### Information supplied
──────────
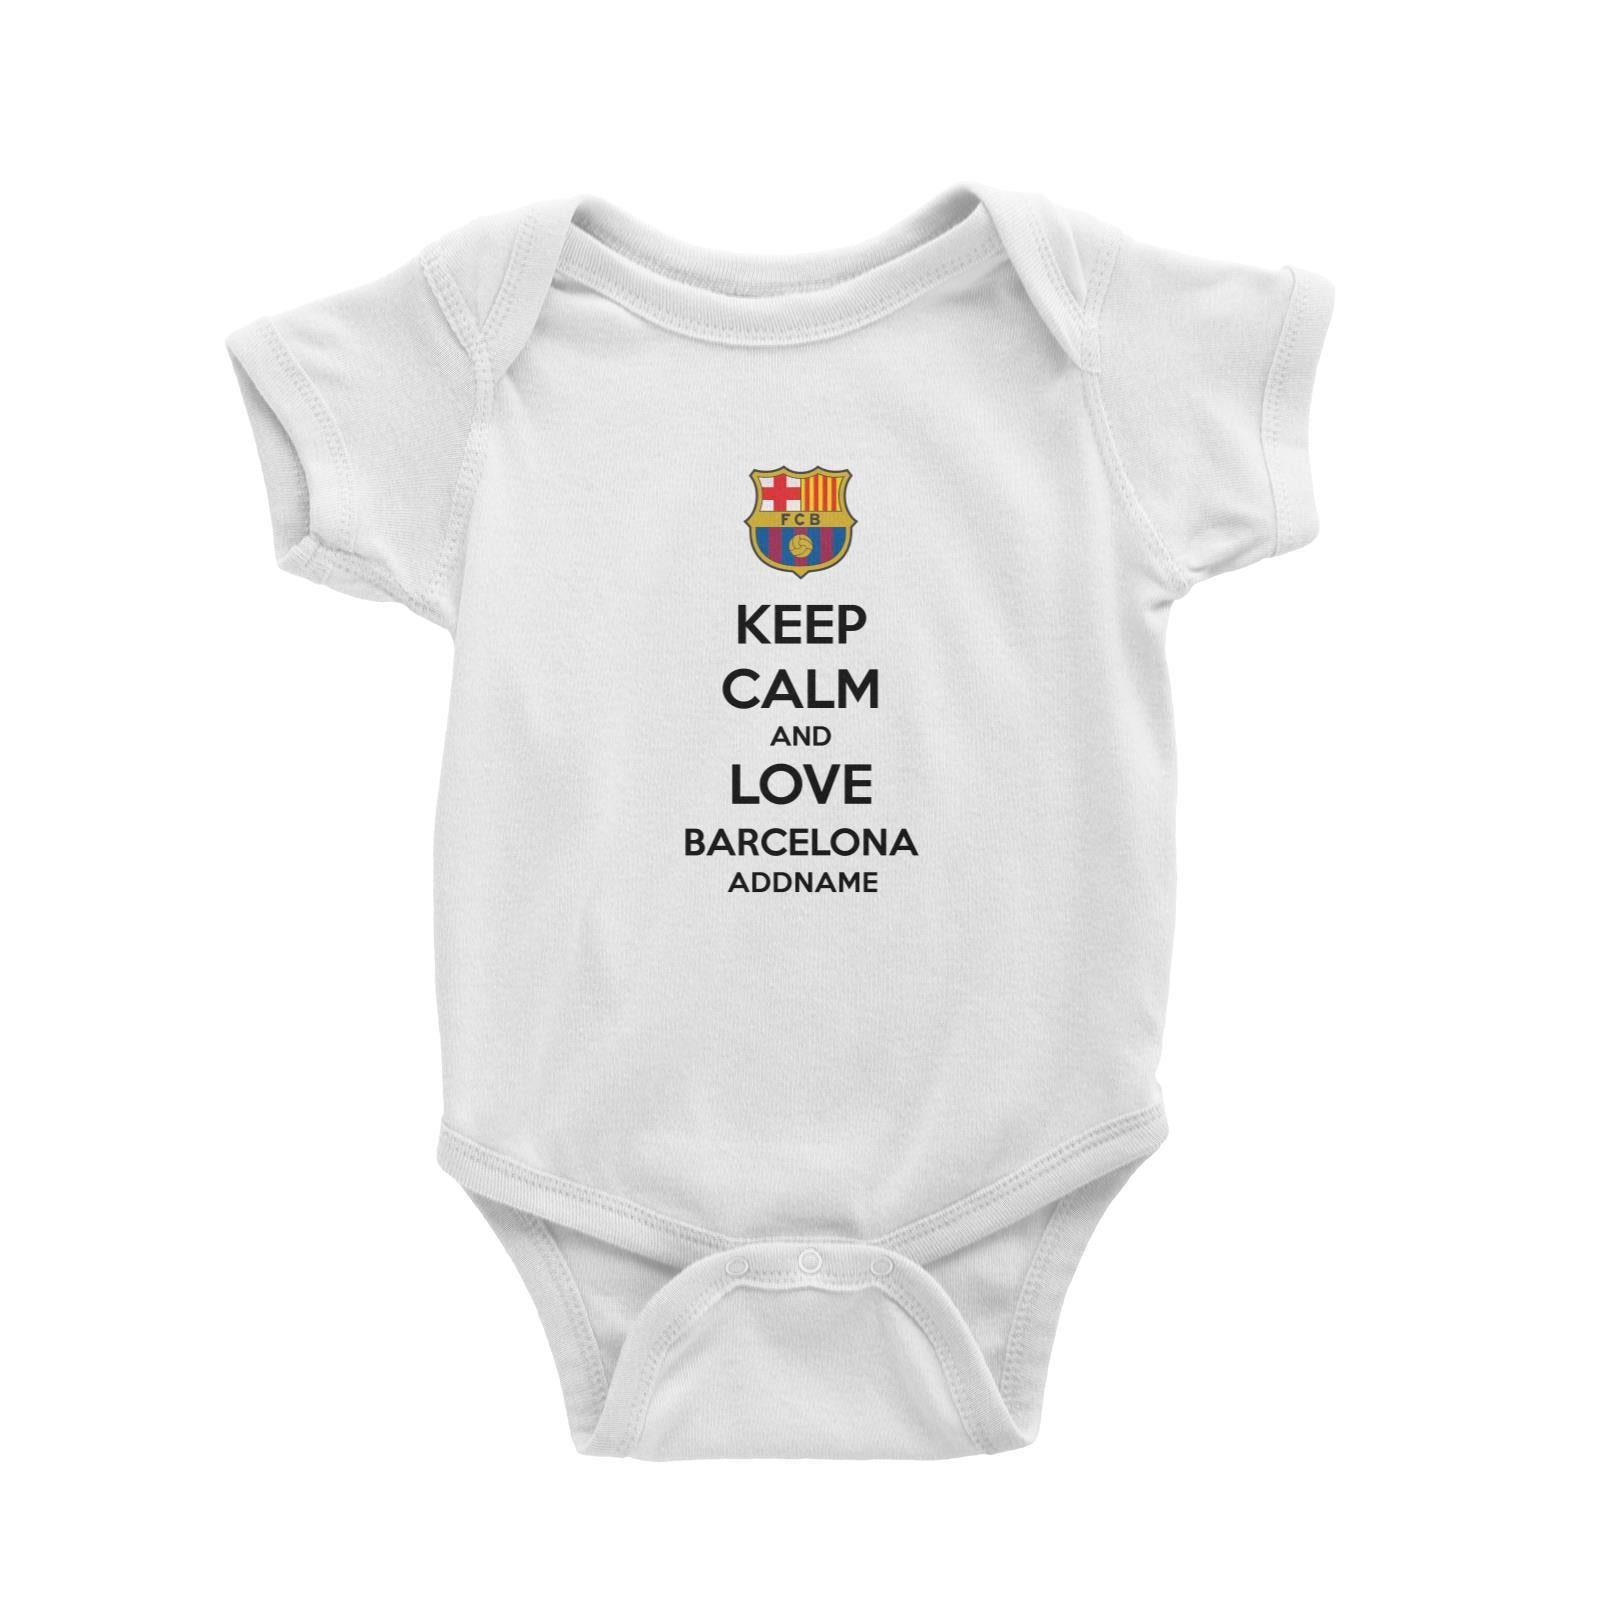 Barcelona Football Keep Calm And Love Series Addname Baby Romper
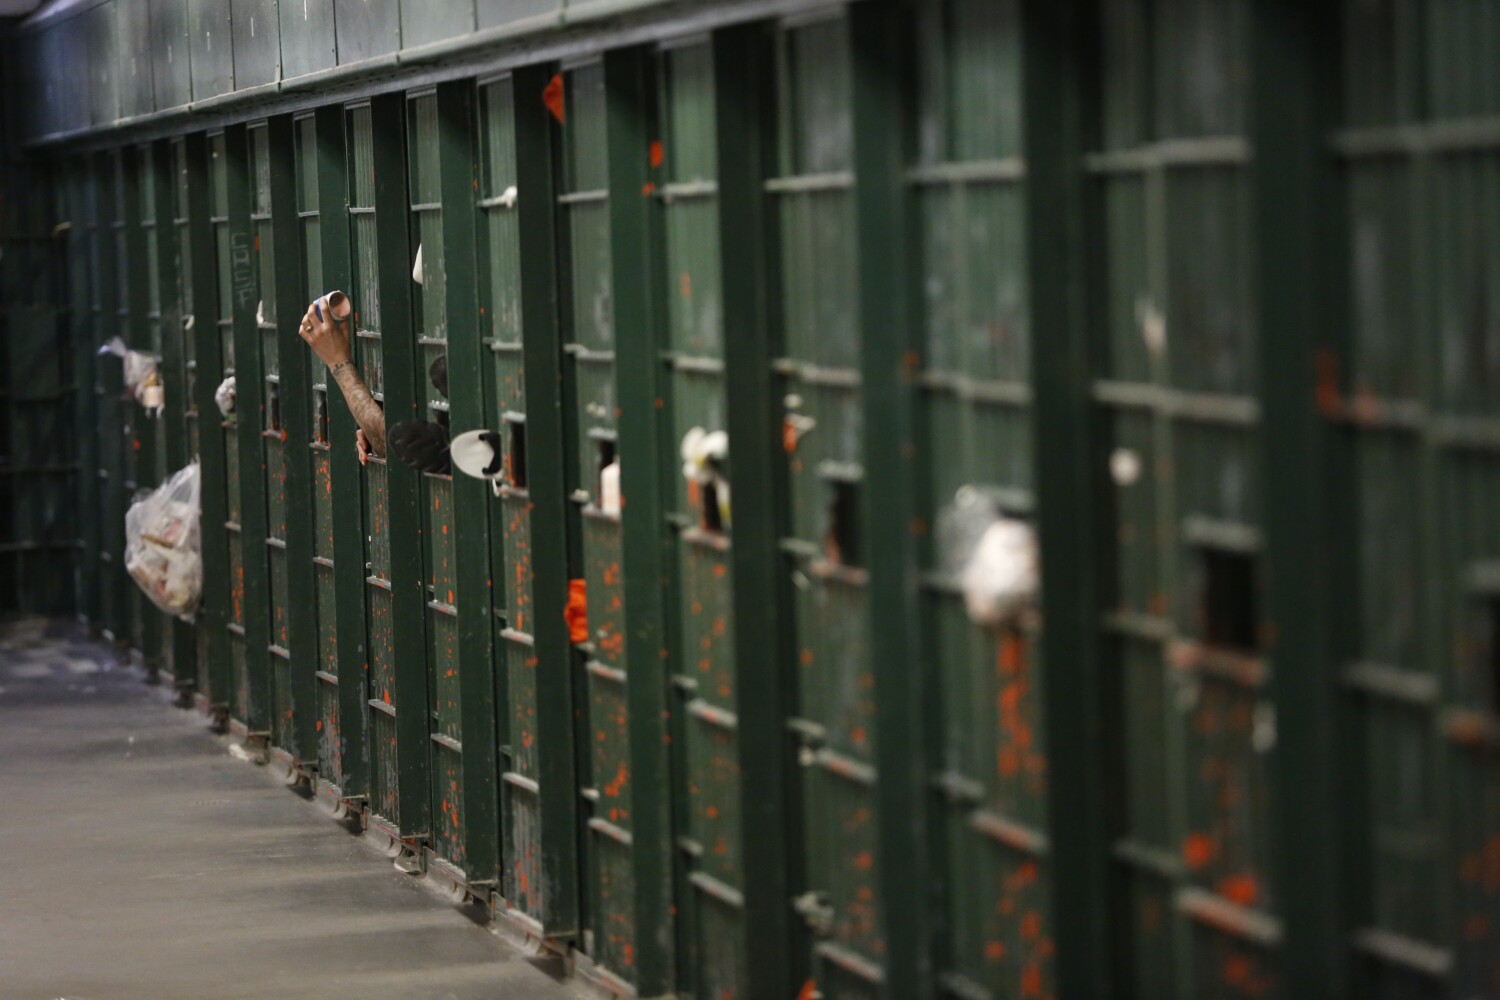 A man wasn't given a bed in L.A. County jails for 2 nights. A judge just declared a mistrial
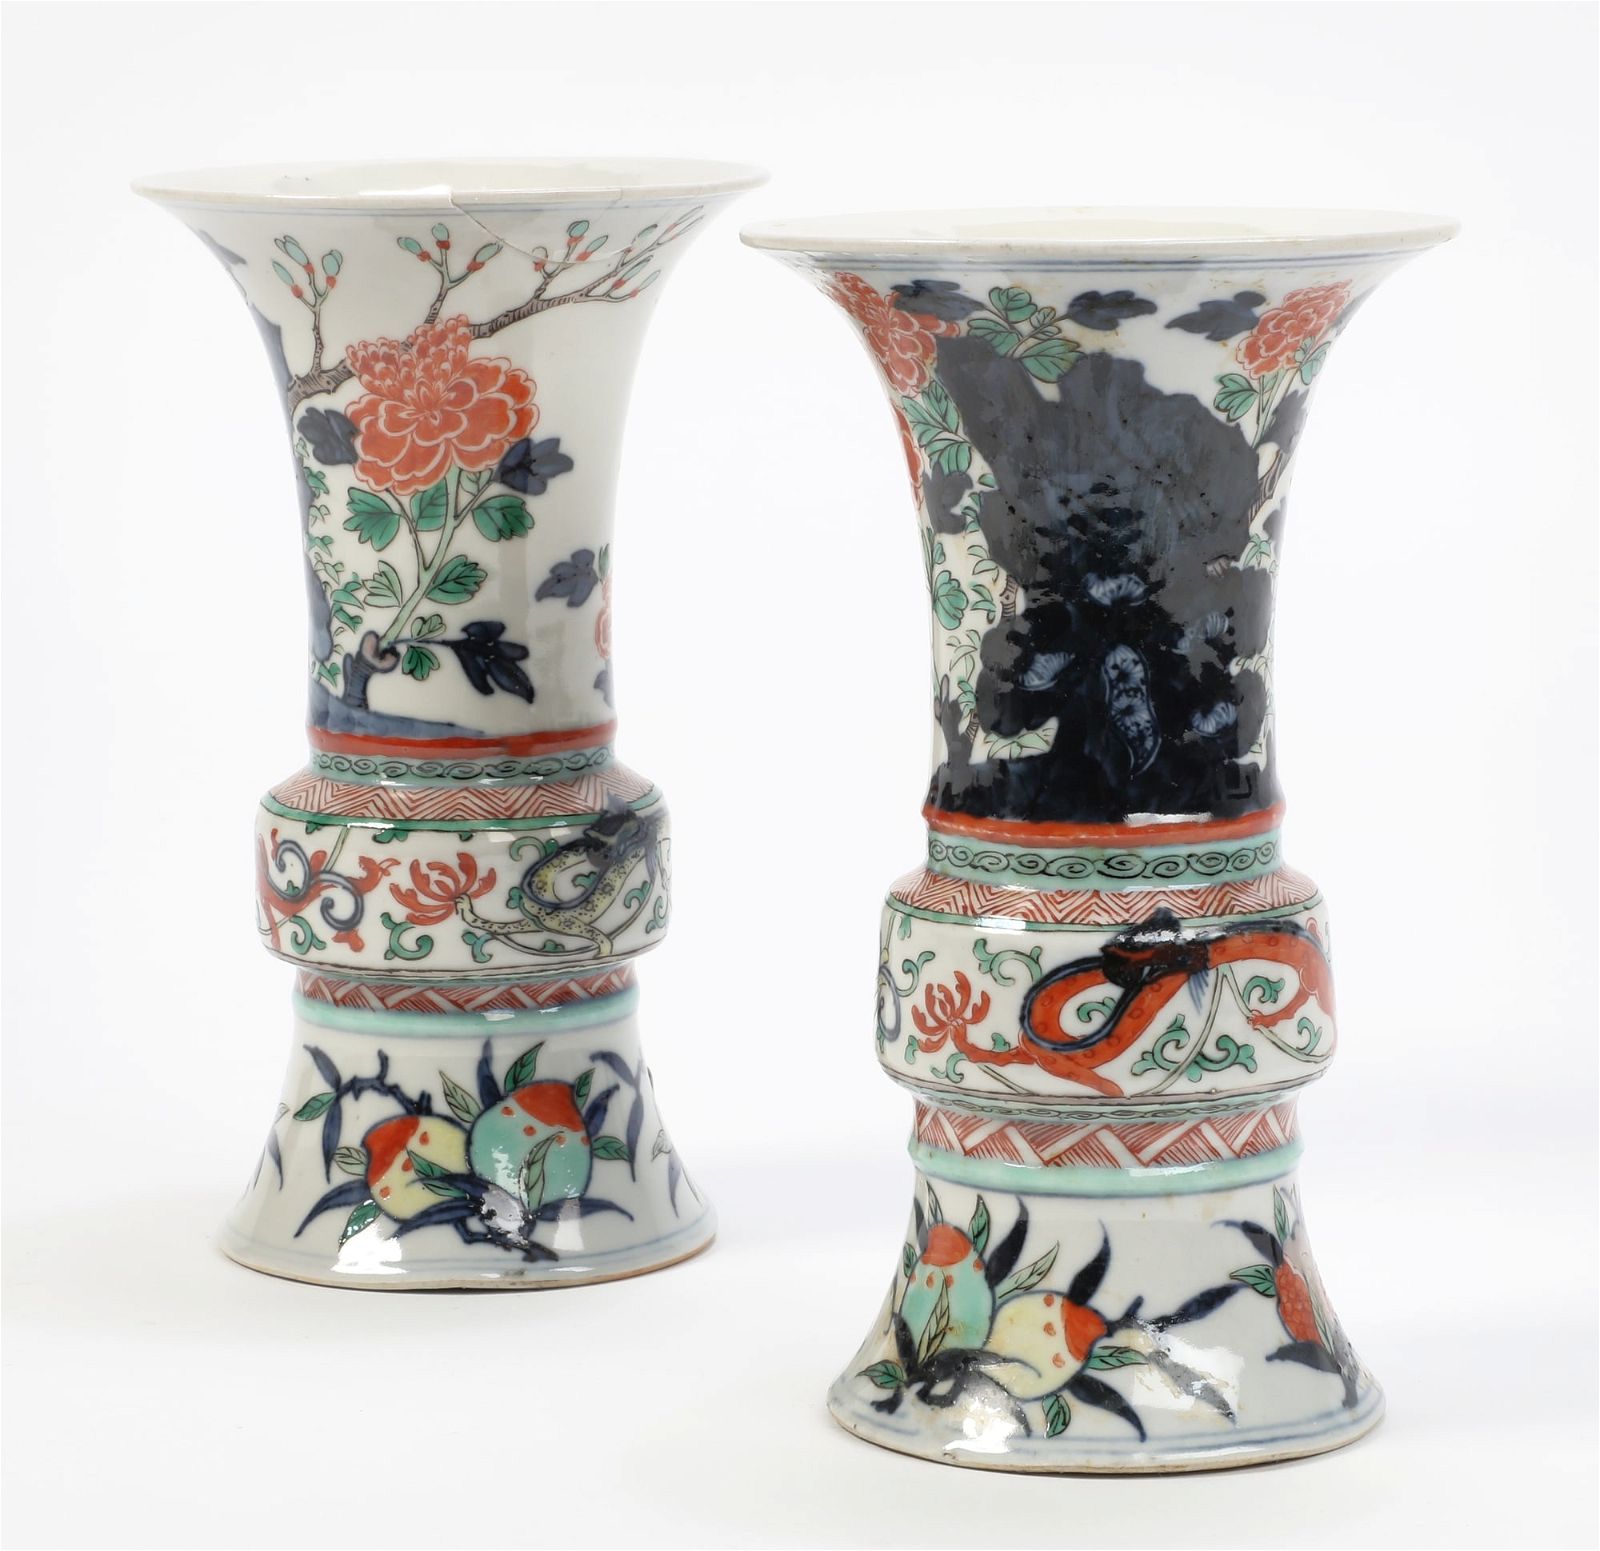 A PAIR OF CHINESE POLYCHROME GLAZED
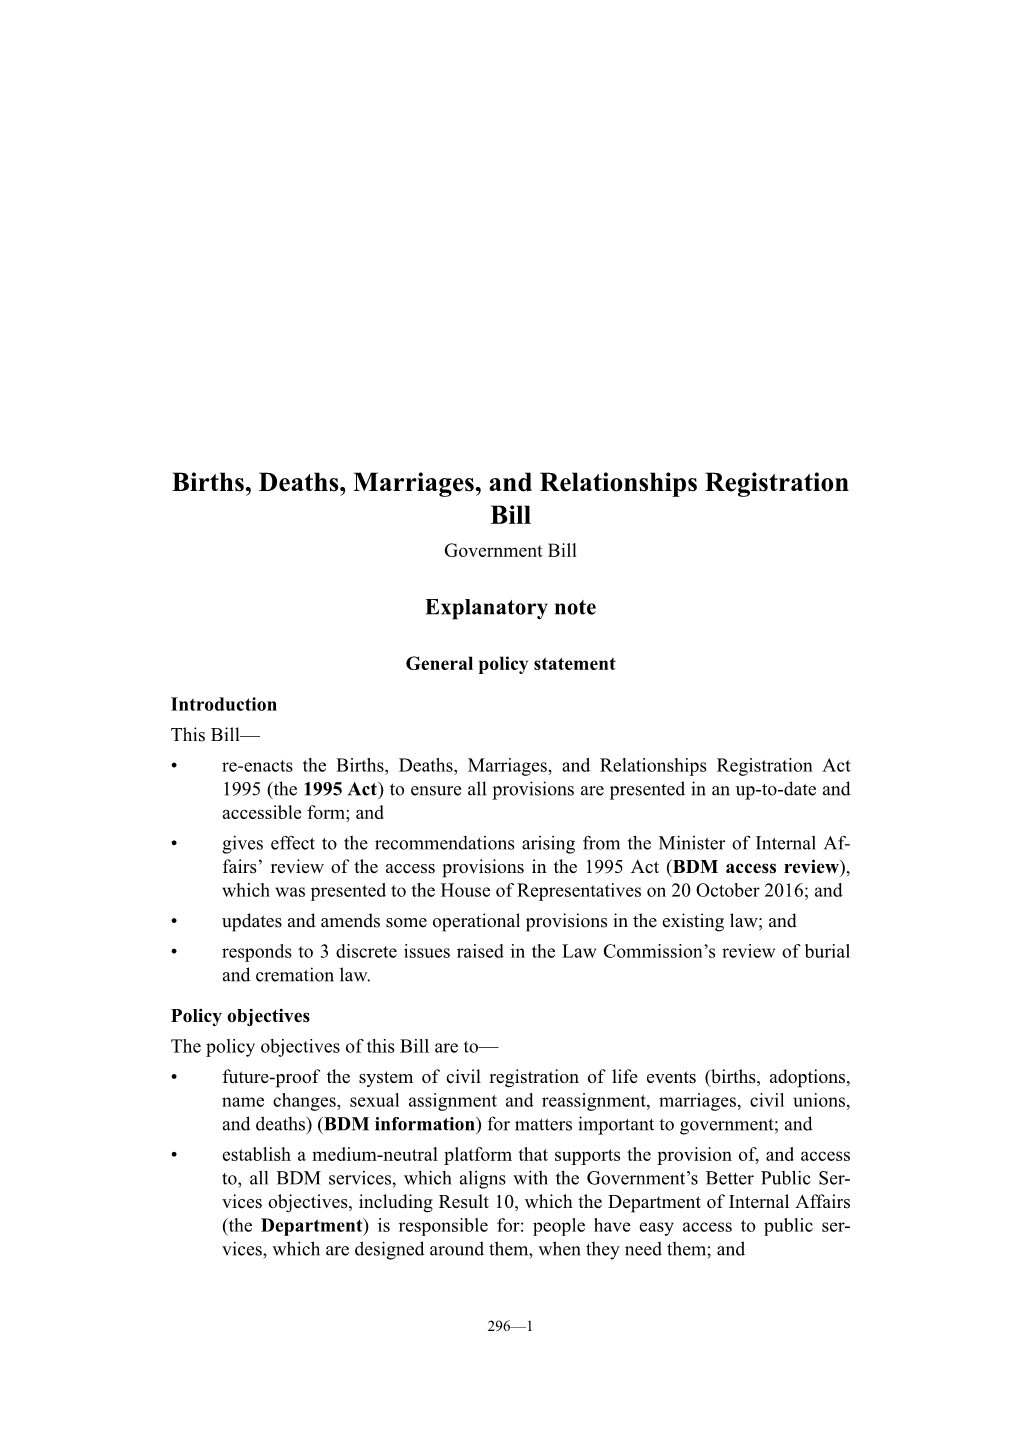 Births, Deaths, Marriages, and Relationships Registration Bill Government Bill
──────────
### Aim of the task
The data above needs to be retyped exactly, with the images left out.

### Reply to the task
 Barcelona Football Keep Calm And Love Series Addname Baby Romper
 A man wasn't given a bed in L.A. County jails for 2 nights. A judge just declared a mistrial
 A PAIR OF CHINESE POLYCHROME GLAZED
 Births, Deaths, Marriages, and Relationships Registration Bill Government Bill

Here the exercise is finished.